Pleiotrophin regulates lung epithelial cell proliferation and differentiation during fetal lung development via ß-catenin and Dlk1.
Weng T, Gao L, Bhaskaran M, Guo Y, Gou D, Narayanaperumal J, Chintagari NR, Zhang K, Liu L.
JBC Papers in Press published on August 6, 2009 as doi:10.1074/jbc.M109.052530
The role of pleiotrophin in fetal lung development was investigated. We found that pleiotrophin and its receptor, protein tyrosine phosphatase receptor beta/zeta, were highly expressed in mesenchymal and epithelial cells of the fetal lungs, respectively. Using isolated fetal alveolar epithelial type II cells, we demonstrated that pleiotrophin promoted fetal type II cell proliferation and arrested type II cell trans-differentiation into alveolar epithelial type I cells.

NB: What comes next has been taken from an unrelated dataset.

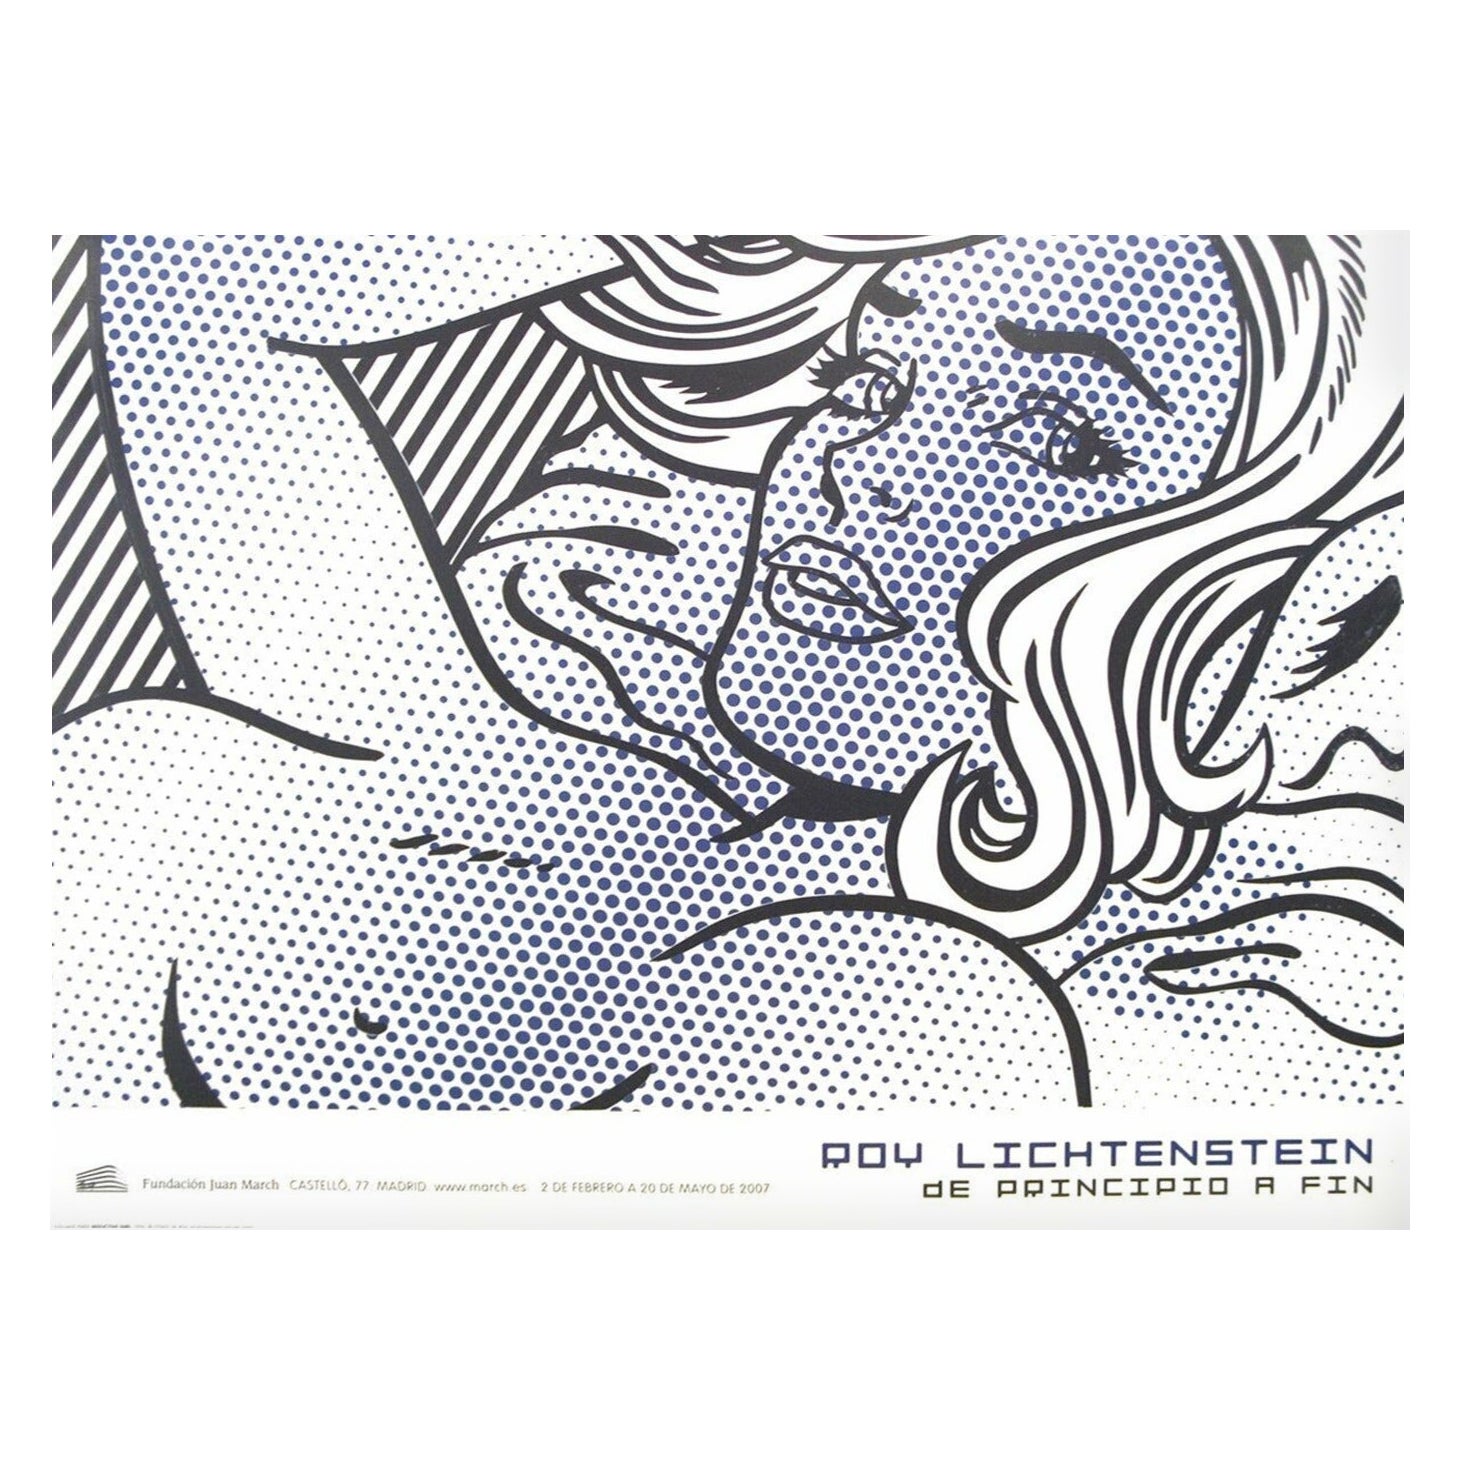 2007 Roy Lichtenstein - Seductive Girl - Fundacion Juan March Original Poster For Sale

Pleiotrophin also increased wound healing of injured type II cell monolayer. Knock-down of pleiotrophin influenced lung branching morphogenesis in a fetal lung organ culture model. Pleiotrophin increased the tyrosine phosphorylation of beta-catenin, promoted beta-catenin translocation into the nucleus and activated TCF/LEF transcription factors. Dlk1, a membrane ligand that initiates the Notch signaling pathway, was identified as a down-stream target of the pleiotrophin/beta-catenin pathway by endogenous dlk1 expression, promoter assay and chromatin immunoprecipitation. These results provide evidence that pleiotrophin regulates fetal type II cell proliferation and differentiation via integration of multiple signaling pathways including pleiotrophin, beta-catenin and Notch pathways.